Ha ha, I get the familiarity thing a lot, actually. I must just have one of those faces... :lol: Actually, Iseul, now that I look at you location, I'm in NW PA. So, maybe you've seen me... I don't know any horses named Izzy, though... 



RoyalsRebel said:


> Do you know what the colours are in his bloodlines? As far back as you can go? That should help give an indication. I'd rule out Bay completely, his points are brown rather than black.... but his colouring could be a lot more interesting than simply liver chestnut depending on his genes!

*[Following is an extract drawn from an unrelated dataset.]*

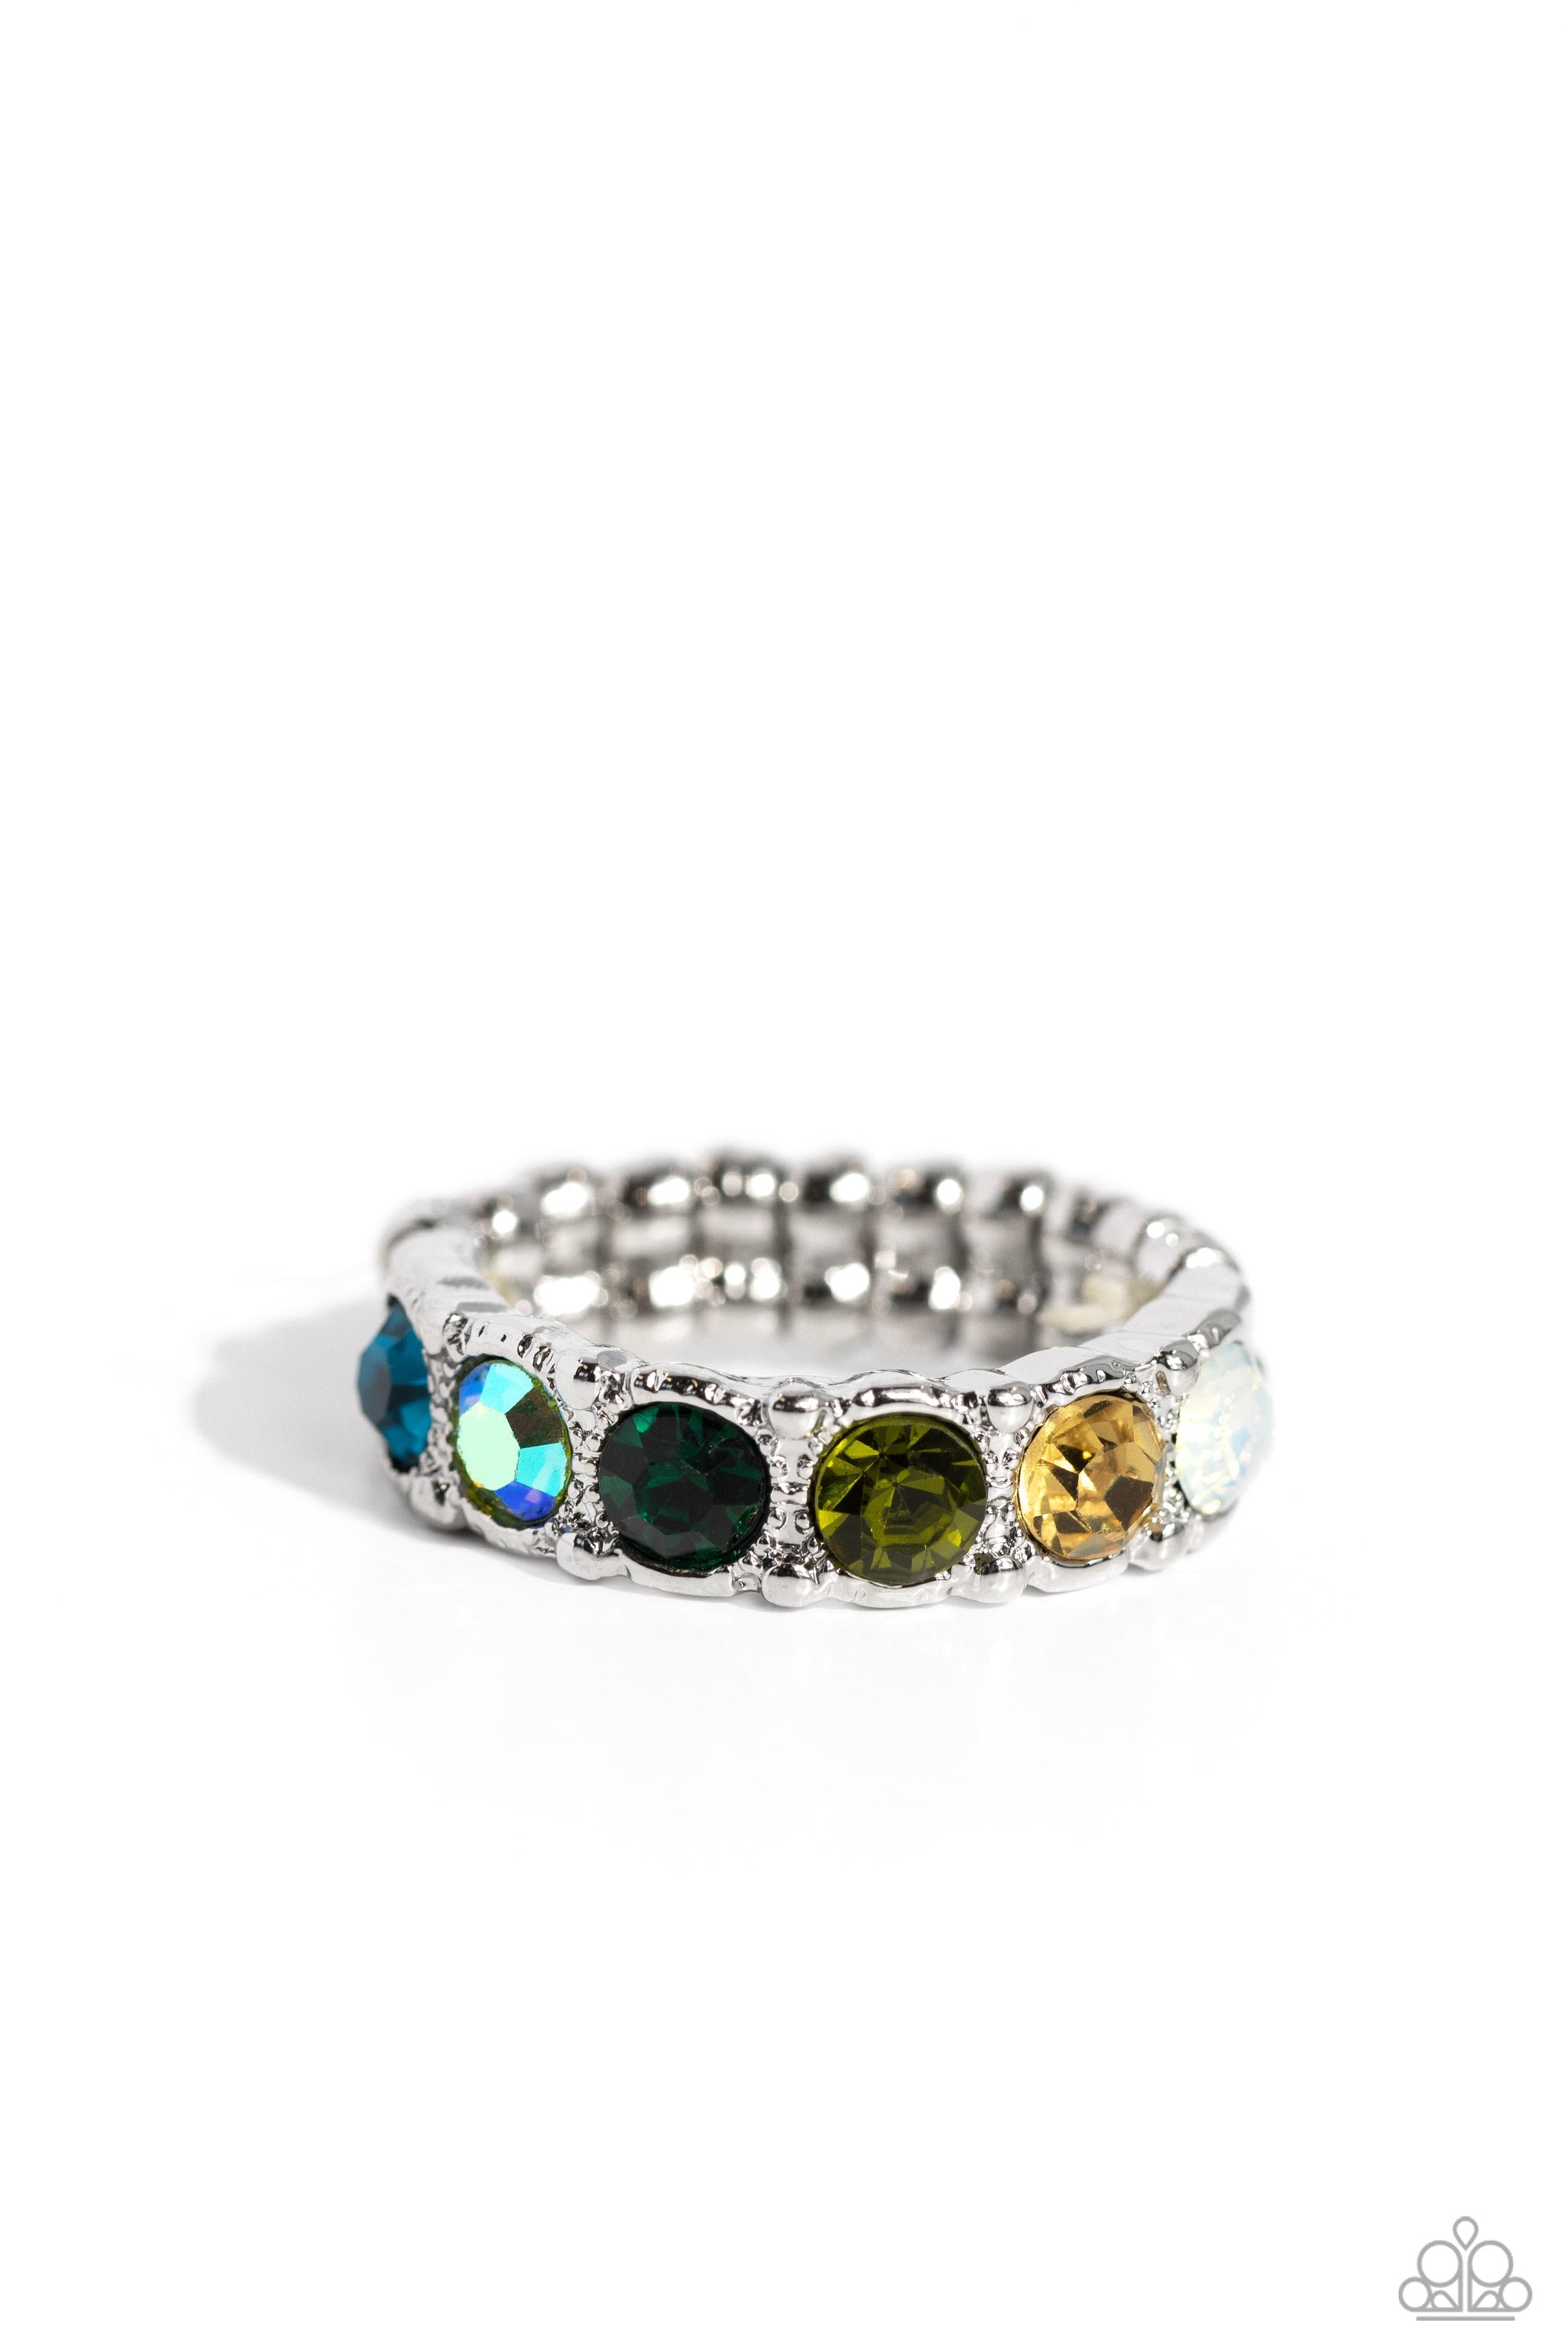 Taming Twilight Green & Multi Rhinestone Ring - Paparazzi Accessories- lightbox - CarasShop.com - $5 Jewelry by Cara Jewels

I really don't have much background on him at all. He's ballparked about 8 years old (vet's guess based on teeth), and the people that I bought him from had him for about a month; he was given to them in really poor condition. I don't even know quite what breed he is... I'm basically assuming QH/Pony cross. I bought him for his charming attitude, lol. The most history I have on him is an old vet receipt from a year earlier and the palomino comment from an, erm..., less than reliable source (long story). That sooty stallion has me reconsidering it, though. Right now he's down as a dark chestnut on his Coggins paperwork, but that is my guess as the sellers didn't have any kind of records with him upon sale. The only reason I have an '08 vet receipt is that he was seen by my vet then, and we were able to ID his name and markings on the doc's computer. Looks like it'll take a test to be sure. I'll have to look into it after I see what kind of dent his annual checkup makes in my wallet!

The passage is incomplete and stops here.